Given information Block Start

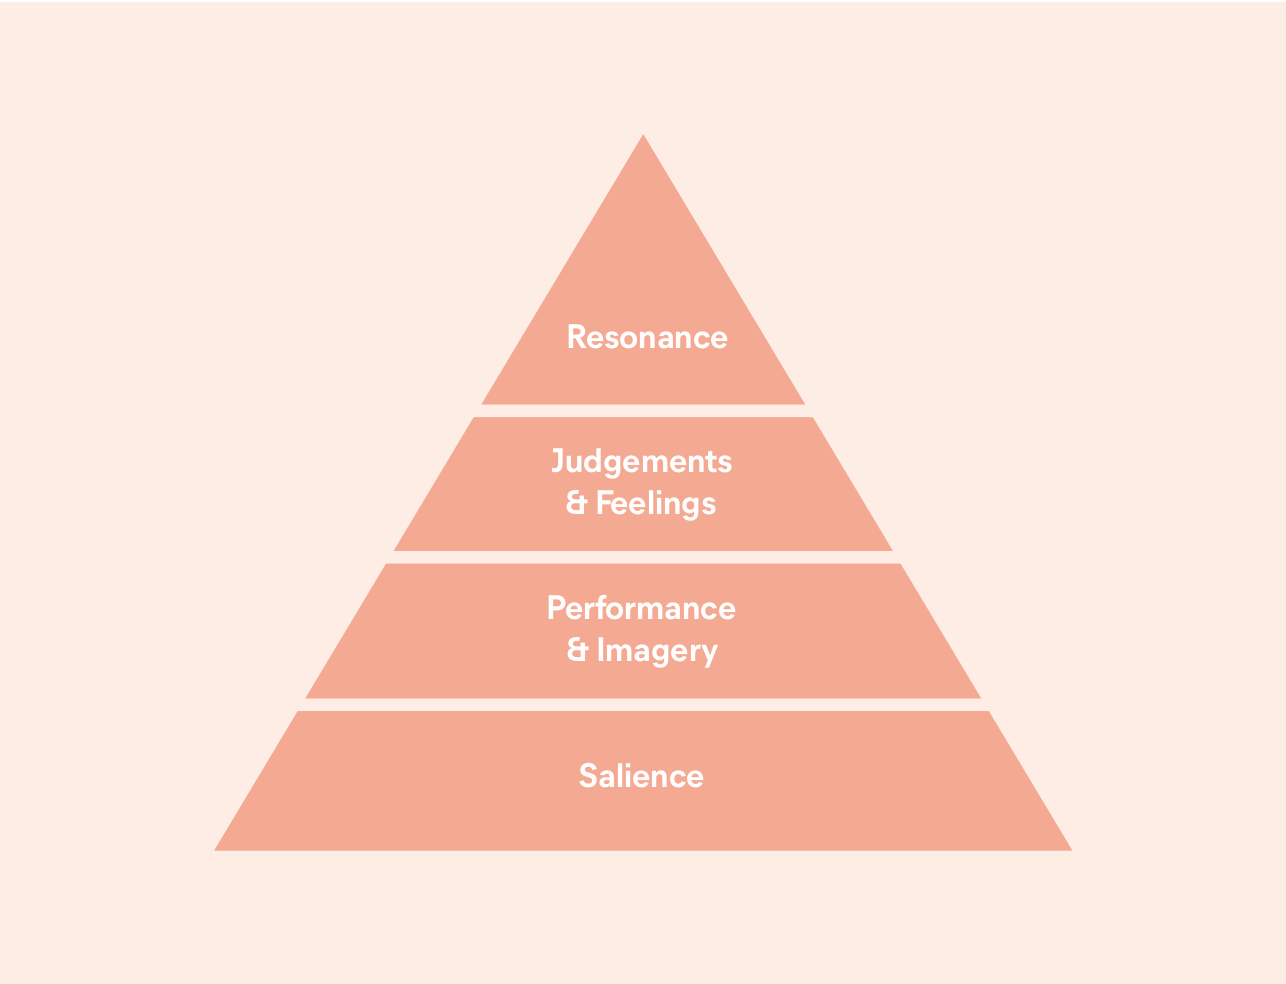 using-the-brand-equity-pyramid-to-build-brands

Given information Block End
Given information Block Start

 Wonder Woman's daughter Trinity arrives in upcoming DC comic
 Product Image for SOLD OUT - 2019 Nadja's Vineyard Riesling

Given information Block End
Given information Block Start

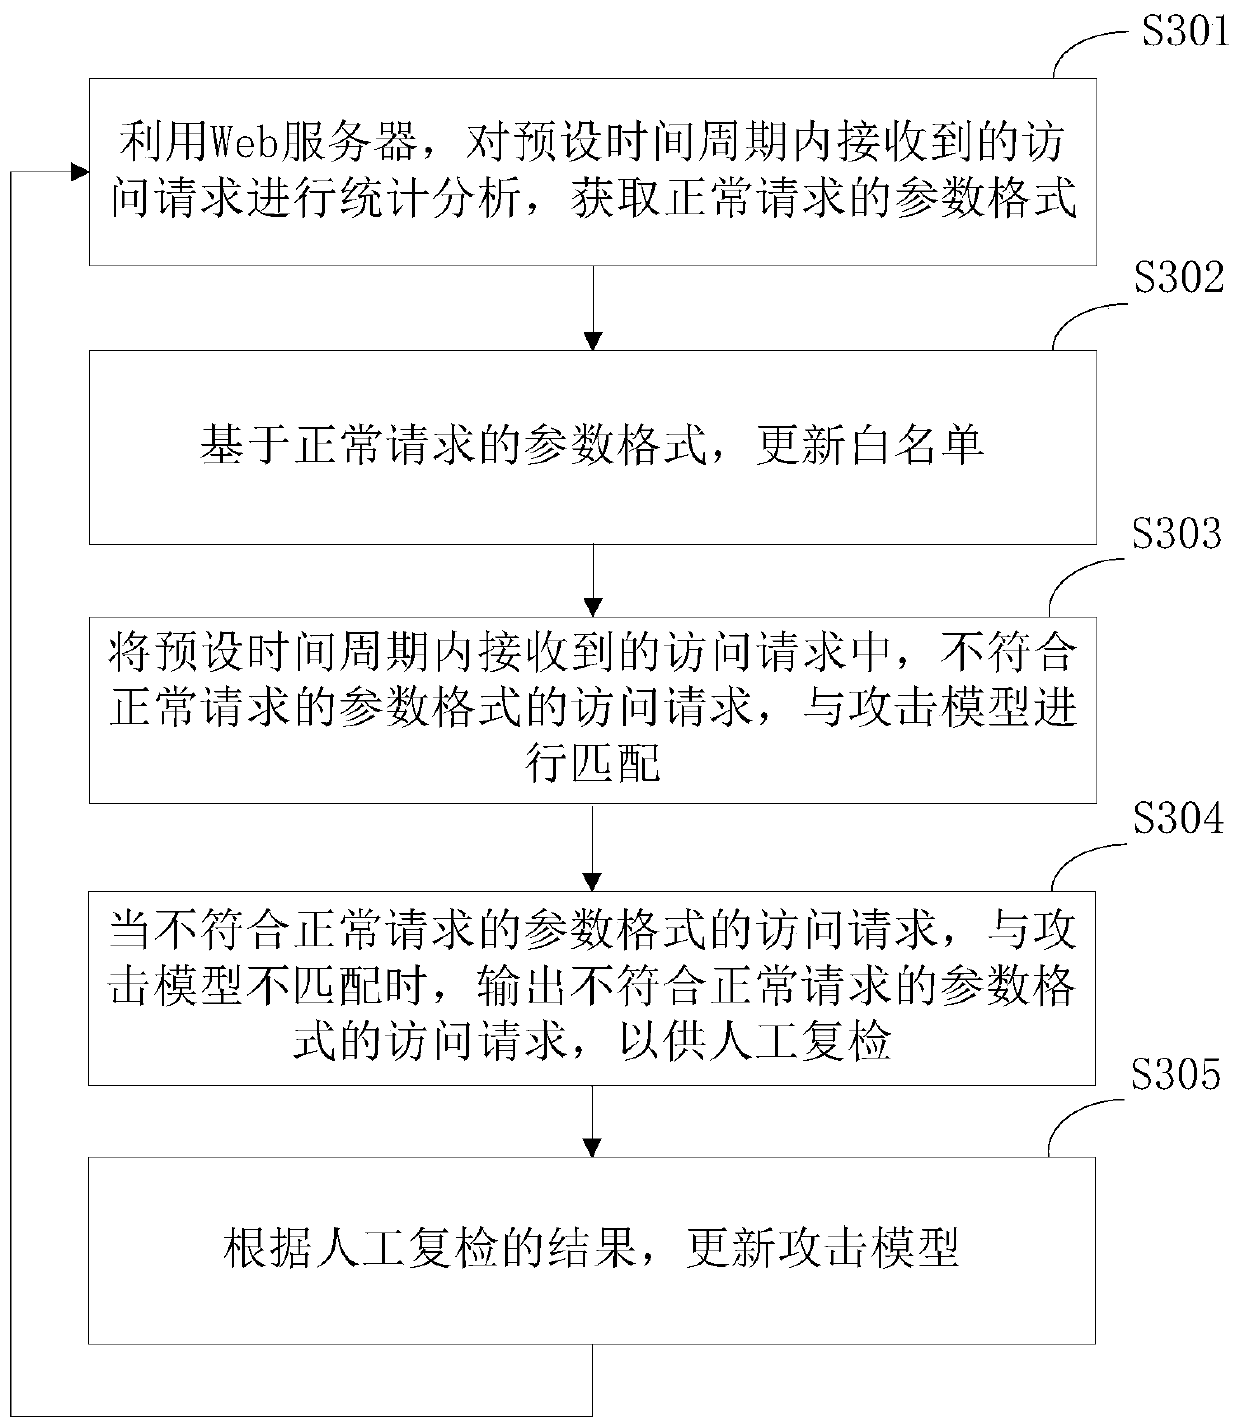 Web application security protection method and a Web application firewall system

Given information Block End

What you return must be the lines above that run from the line with "Wonder Woman's daughter" to the line with "Product Image for", inclusive, each copied exactly.

Finished exercise:
 Wonder Woman's daughter Trinity arrives in upcoming DC comic
 Product Image for SOLD OUT - 2019 Nadja's Vineyard Riesling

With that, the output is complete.